Oh My Lord, with the rationalizations NEVER CEASE. Now its the Pee Wee Herman defense.... "I meant to do that". I meant to not be able to sell the apartments I've been trying to sell for two years. Sorry, but thats just wrong. The buildings I named pull ALL apartments for sale... none were "held back". Wishful thinking.

> lowery - these things you mentioned have not been happening. Eddie talks crap and makes things up.

Yes, me, the New York Times, and the buildings all made it up. Genius, the NYtimes RE section did a COVER STORY on this two weeks ago.

> EddieWilson, I think that's true in the less desirable parts of Brooklyn - downtown, Dumbo...

Those are the "less" desirable parts? Talk about rationalization up the wazoo. DUMBO is the MOST EXPENSIVE PART OF BROOKLYN. The buildings named were among the most expensive PSF anywhere in the borough (including when some actual sales were made). Oh my lord, can we cut the lying already??

> EddieWilson and dco - I'm slow... I didn't realize the condos switching to rental buildings was
> going on, certainly not widescale. I'm curious... are the ones you mention in Bklyn a mix of condos
> sold to buyers before the market softened and then the remaining units held by the developer and
> rented out? What happened in the last crash was you would see a condo project announced, the
> building would go up, no one would move in, it would stay empty after completion, deposits would be > returned, and voila -- Tribeca had a new rental building, for instance

Thats exactly what happened with a lot of the stock. Check out the curbed threads on buildings like 110 Livingston, the Nexus, the Beacon, 70 Washington. Crain's reported that only 50% of the new condo construction that has legally been available for sale in Brooklyn since 2006 has sold. Yes, 50%.

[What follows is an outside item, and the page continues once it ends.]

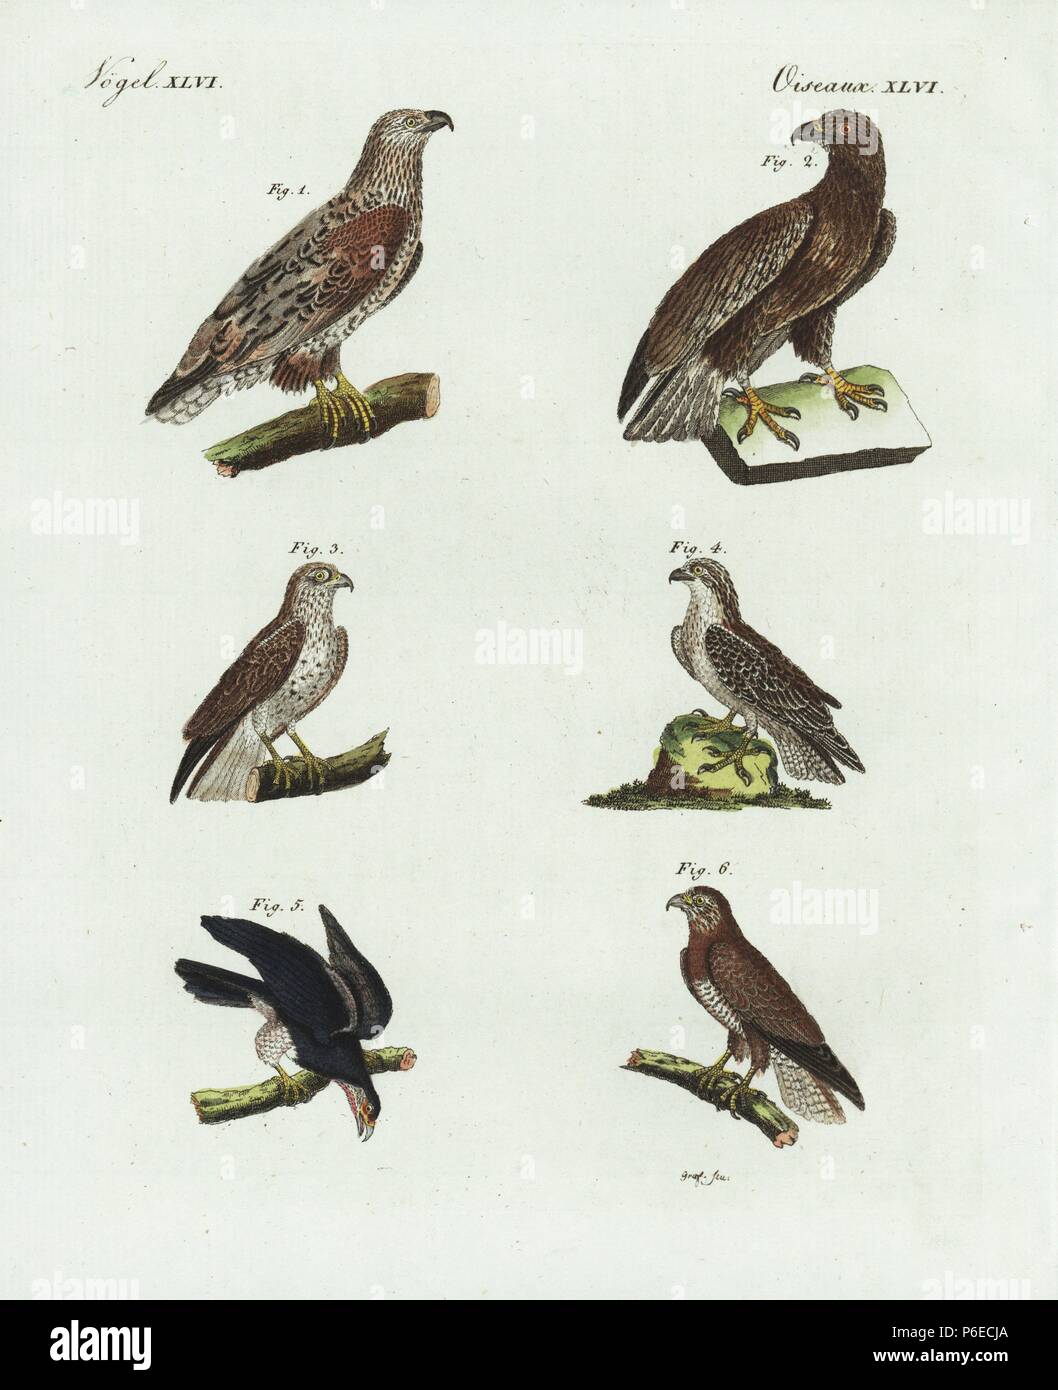 White-tailed sea eagle, Haliaeetus albicilla, male 1, female 2, short-toed snake-eagle, Circaetus gallicus 3, osprey, Pandion haliaetus 4, red-tailed hawk, Buteo jamaicensis 5, and buzzard, Buteo buteo 6. Handcoloured copperplate engraving by Graf from Bertuch's 'Bilderbuch fur Kinder' (Picture Book for Children), Weimar, 1798. Friedrich Johann Bertuch (1747-1822) was a German publisher and man of arts most famous for his 12-volume encyclopedia for children illustrated with 1,200 engraved plates on natural history, science, costume, mythology, etc., published from 1790-1830. Stock Photo

As much as some want to claim that the builders meant to do that, its an outright lie.

Again, this was a New York Times RE section COVER STORY. I know that some folks want to bury their heads in the sand, but facts are facts.

> Like I said it starts with the the surrounding areas first. All the signs
> are flashing and some just choice to ignore it

100%. Its an old story. If we didn't have the deniers, we wouldn't have had the bubble and crash in the first place.

Folks like LICComment just don't want you to know the truth because they've soiled themselves worrying that they bought at the top of a bubble.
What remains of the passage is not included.